What this task involves => Exactly as they stand, copy the lines from the one containing "Denise cello dance 1.png" to the final line of the data; leave out the pictures.

Data below =>
# # #

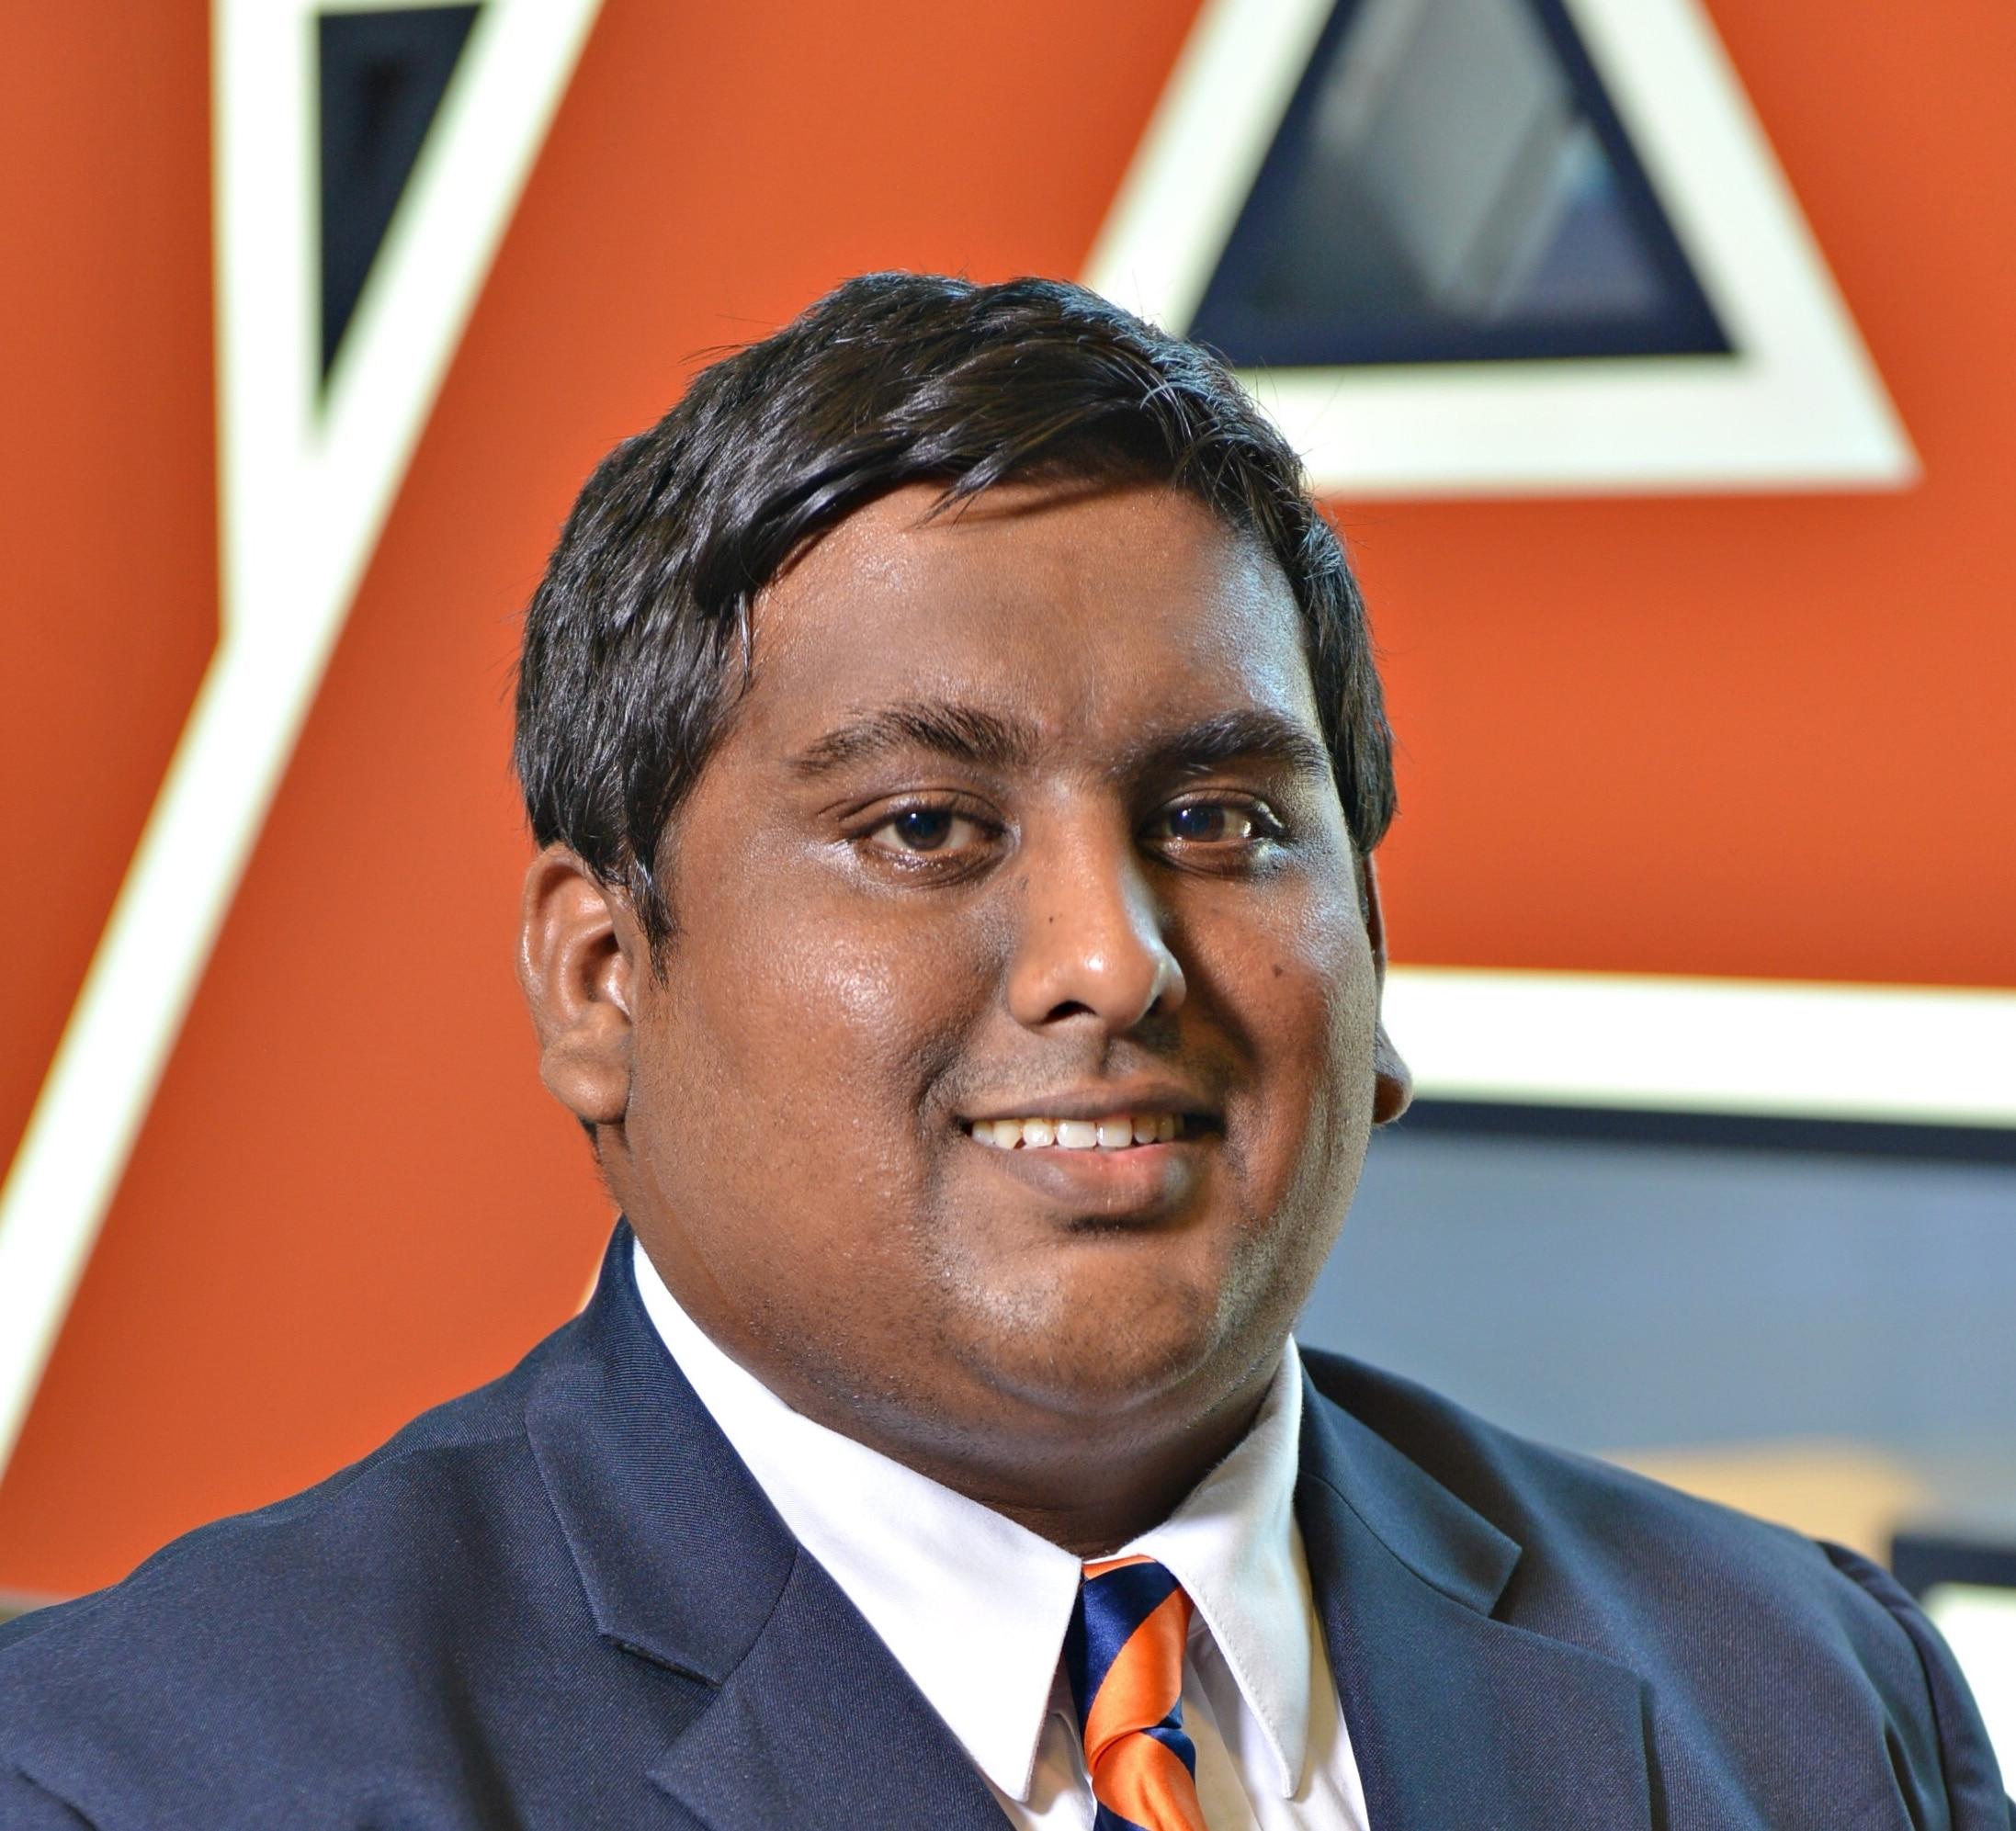 VIRAG BHARAT PATEL Financial Professional & Insurance Agent
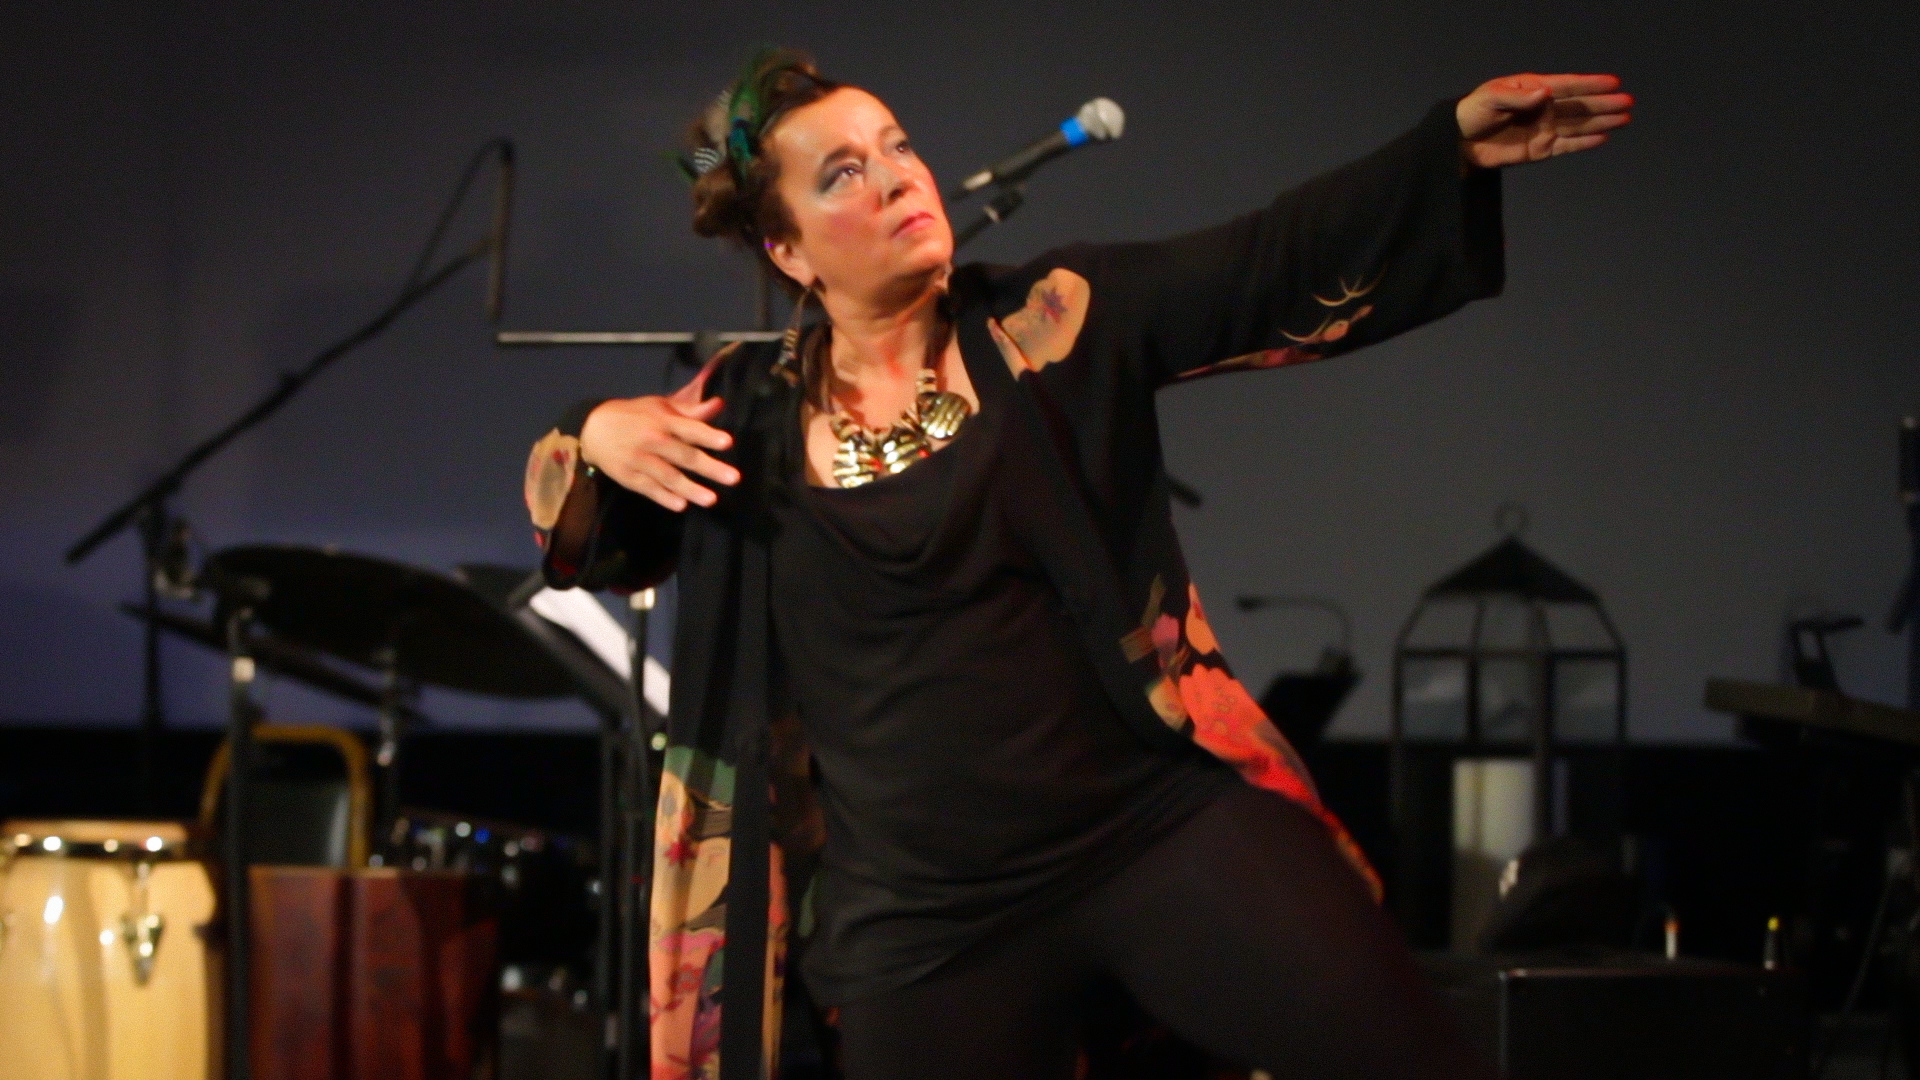 Denise cello dance 1.png
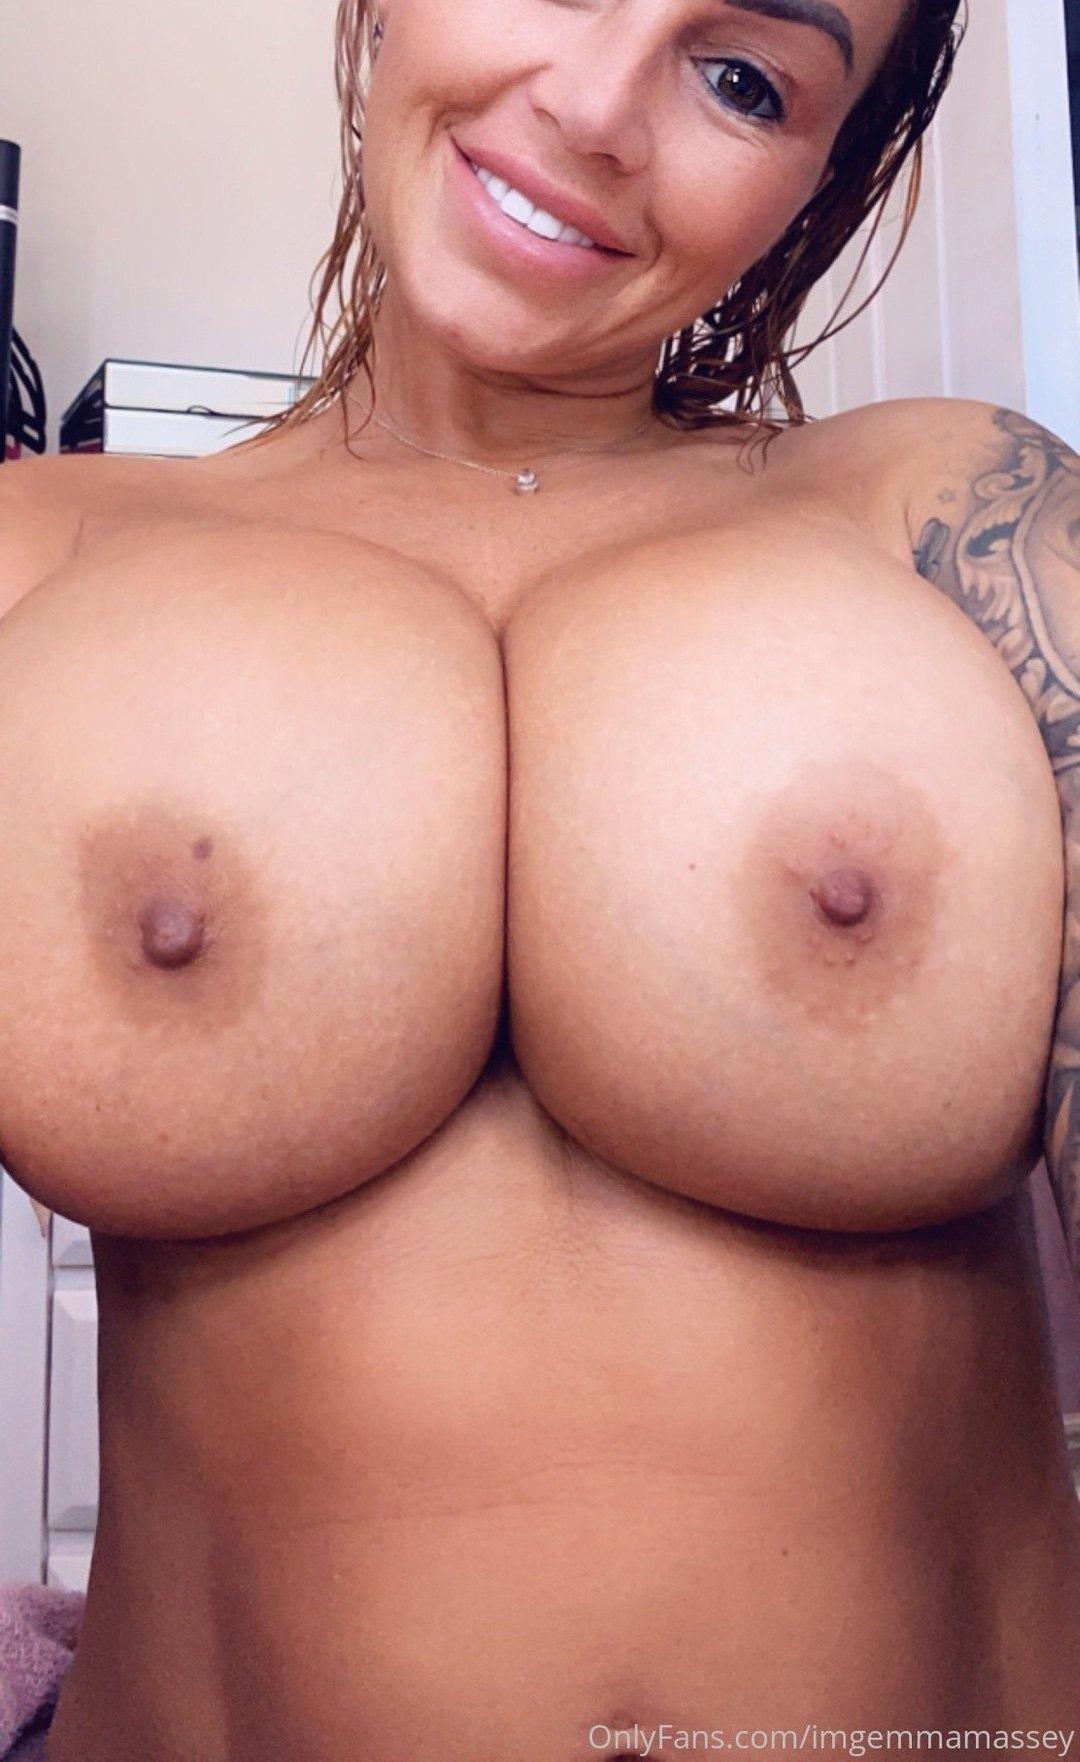 Gemma Massey Imgemmamassey Onlyfans Nudes Leaks 0032

# # #

Written reply =>
 Denise cello dance 1.png
 Gemma Massey Imgemmamassey Onlyfans Nudes Leaks 0032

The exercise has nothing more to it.